Tūī Grove was formed in 2006 off Wairau Road in Ōākura. The name was suggested by the developer because of the many birds living in the bush around the new street. There was already a Tūī Place in Bell Block and a Tūī Street in Ōhura, that little township going so far as to to name all its streets after native birds before the First World War.
Tūī (Prosthemadera novaeseelandiae) were nicknamed parson birds by European settlers, on account of their white throat feathers. The birds were admired for their melodious song but also cooked in pies and their iridescent feathers used for decoration. Māori loved tūī as well – William Walter Smith, head gardener at Pukekura Park and an expert on New Zealand birds, described in 1909 how Māori chiefs would capture and train them to sing specific tunes and even mimic human speech.

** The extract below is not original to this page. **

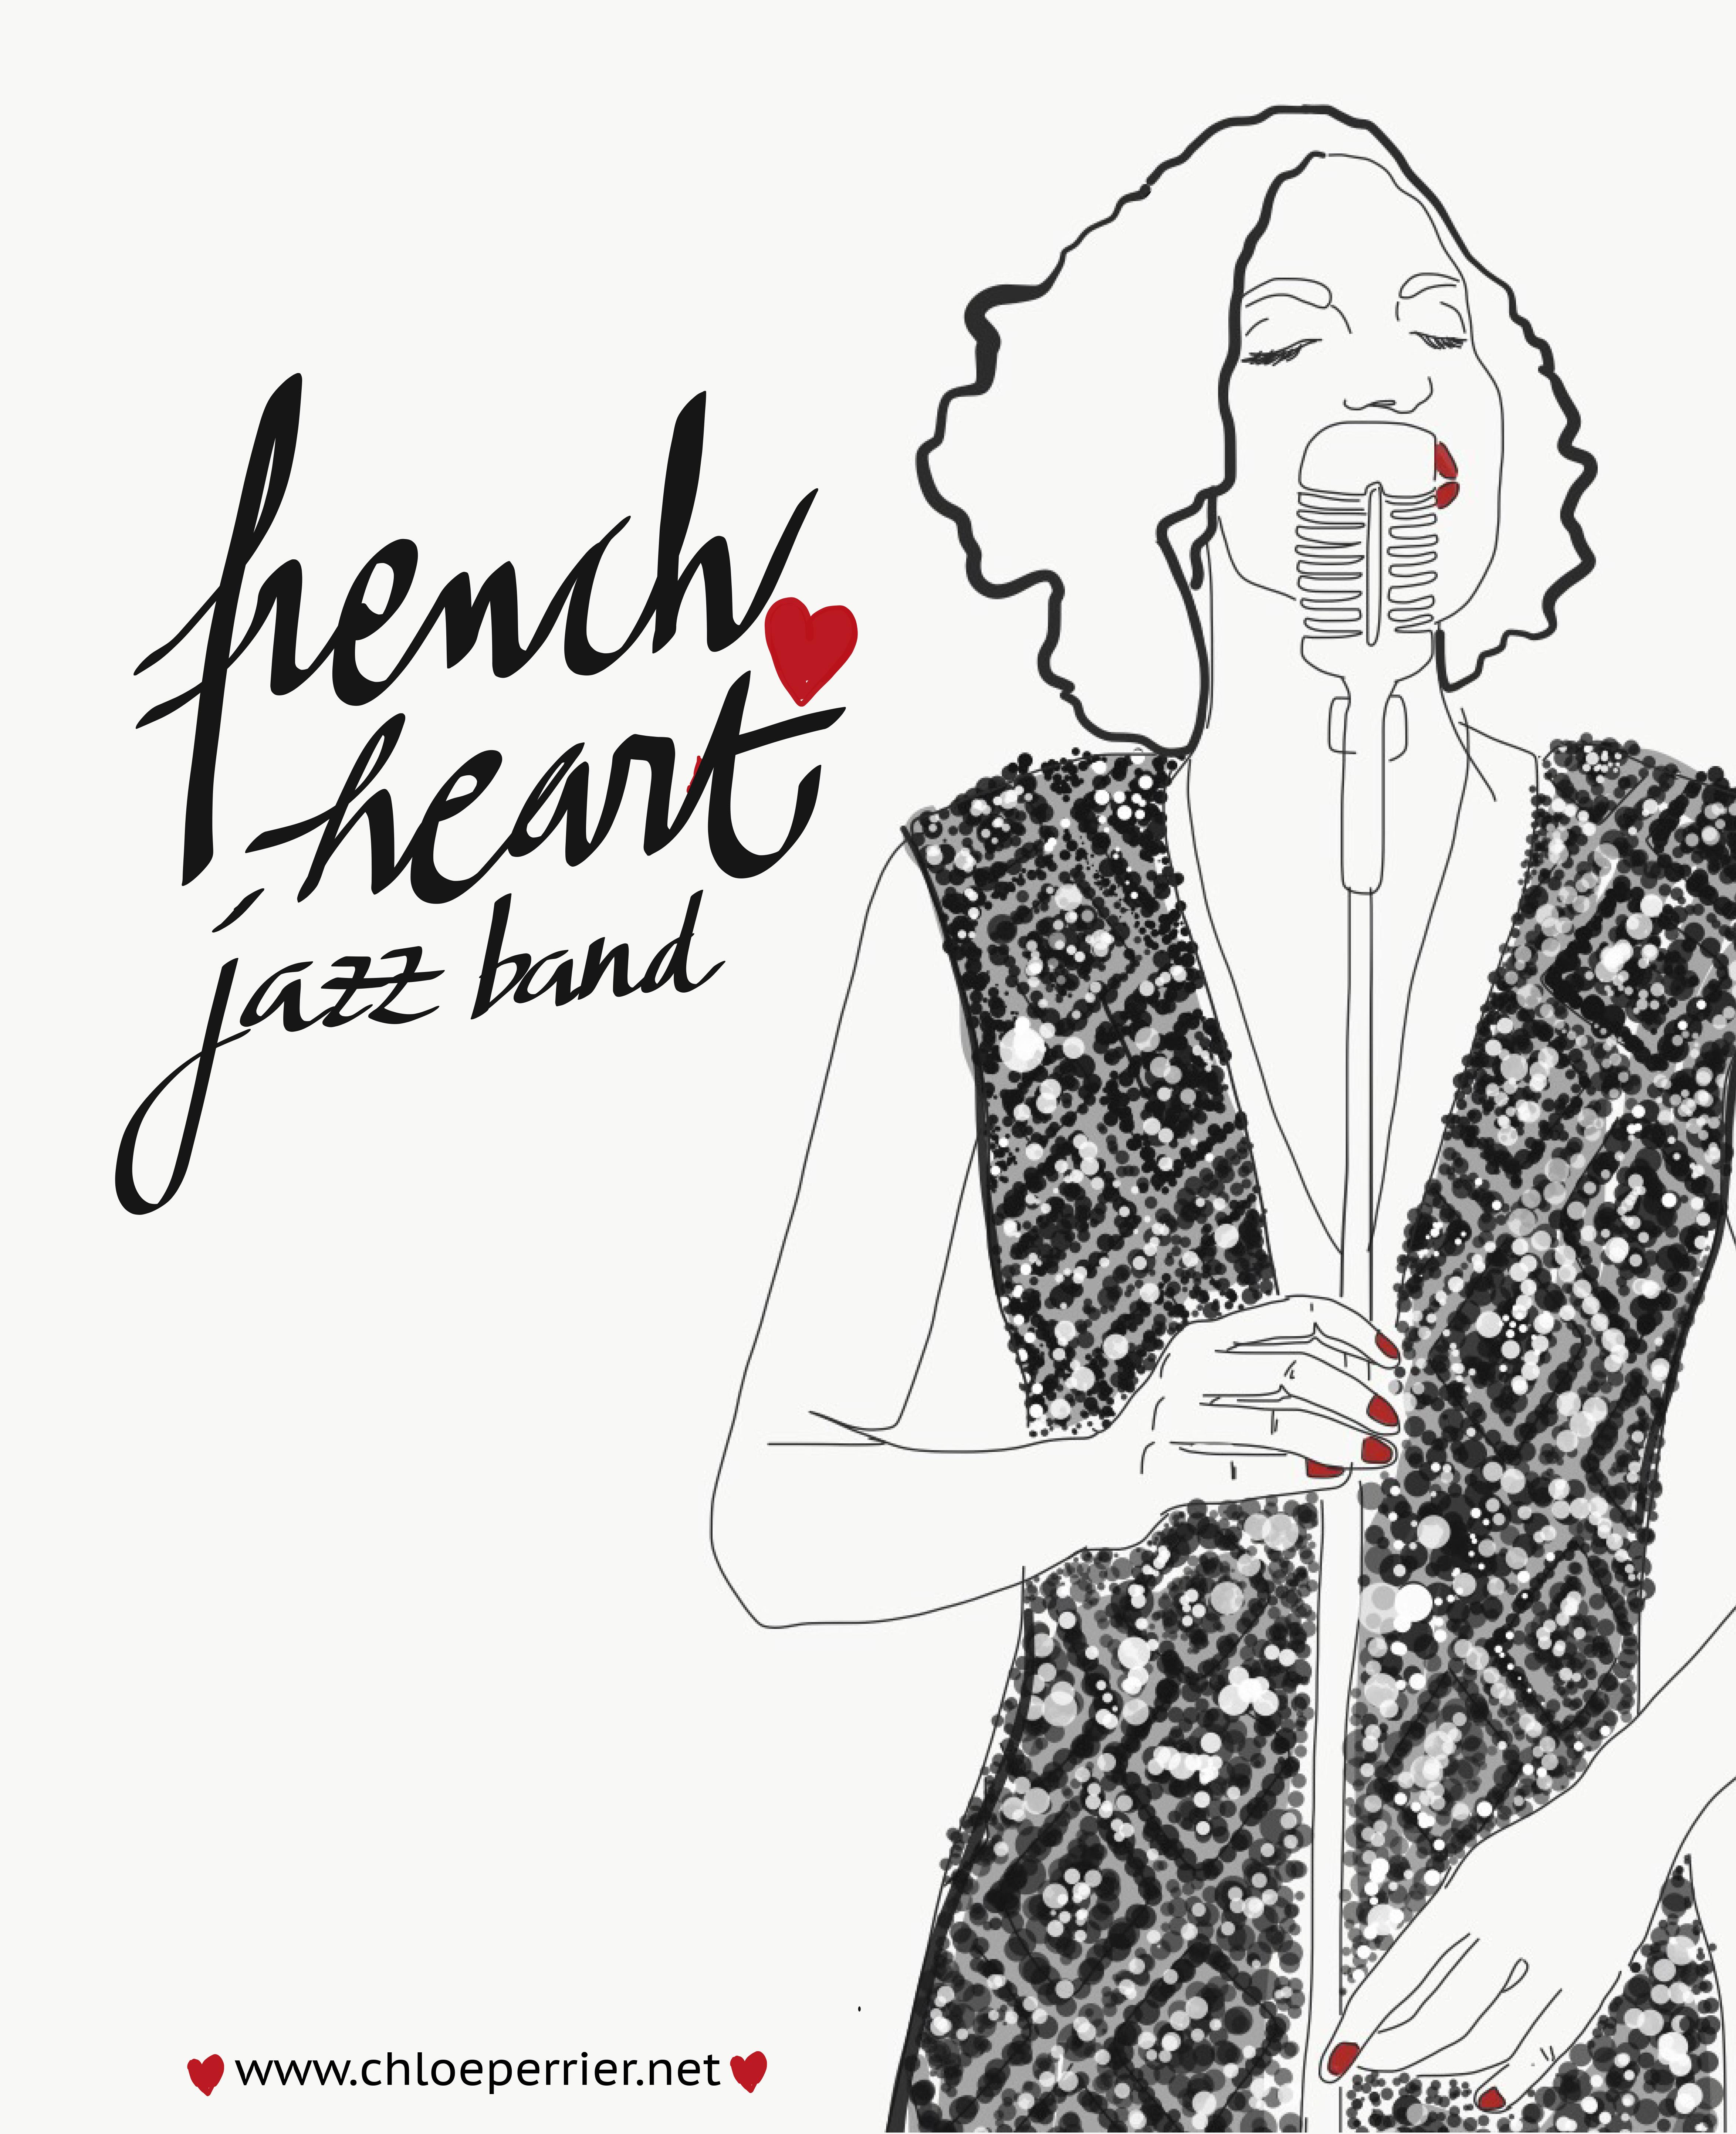 French Heart Jazz Band.jpeg

One of the earliest mentions of tūī in a local newspaper occurred in the Taranaki Herald in 1868. At a recent meeting of the Taranaki Agricultural Society, a Mr Joll spoke of the need to protect native birds like the tūī, numbers of which he believed were steadily diminishing. On his property “there were not a quarter so many as there were a few years since”, a situation he blamed in part on wild cats. In recommending an Act be passed to save the species, Joll was ahead of his time – it would take another five years for the government to give tūī legal protection, the first native bird to be fully safeguarded in this way. The measure clearly worked because there are now more than two million of the beloved songbirds, with Christchurch our only major city without a breeding population.
Tūī featured on New Zealand’s one penny coin from 1940 to 1964 and have been used to advertise everything from beer to campervans.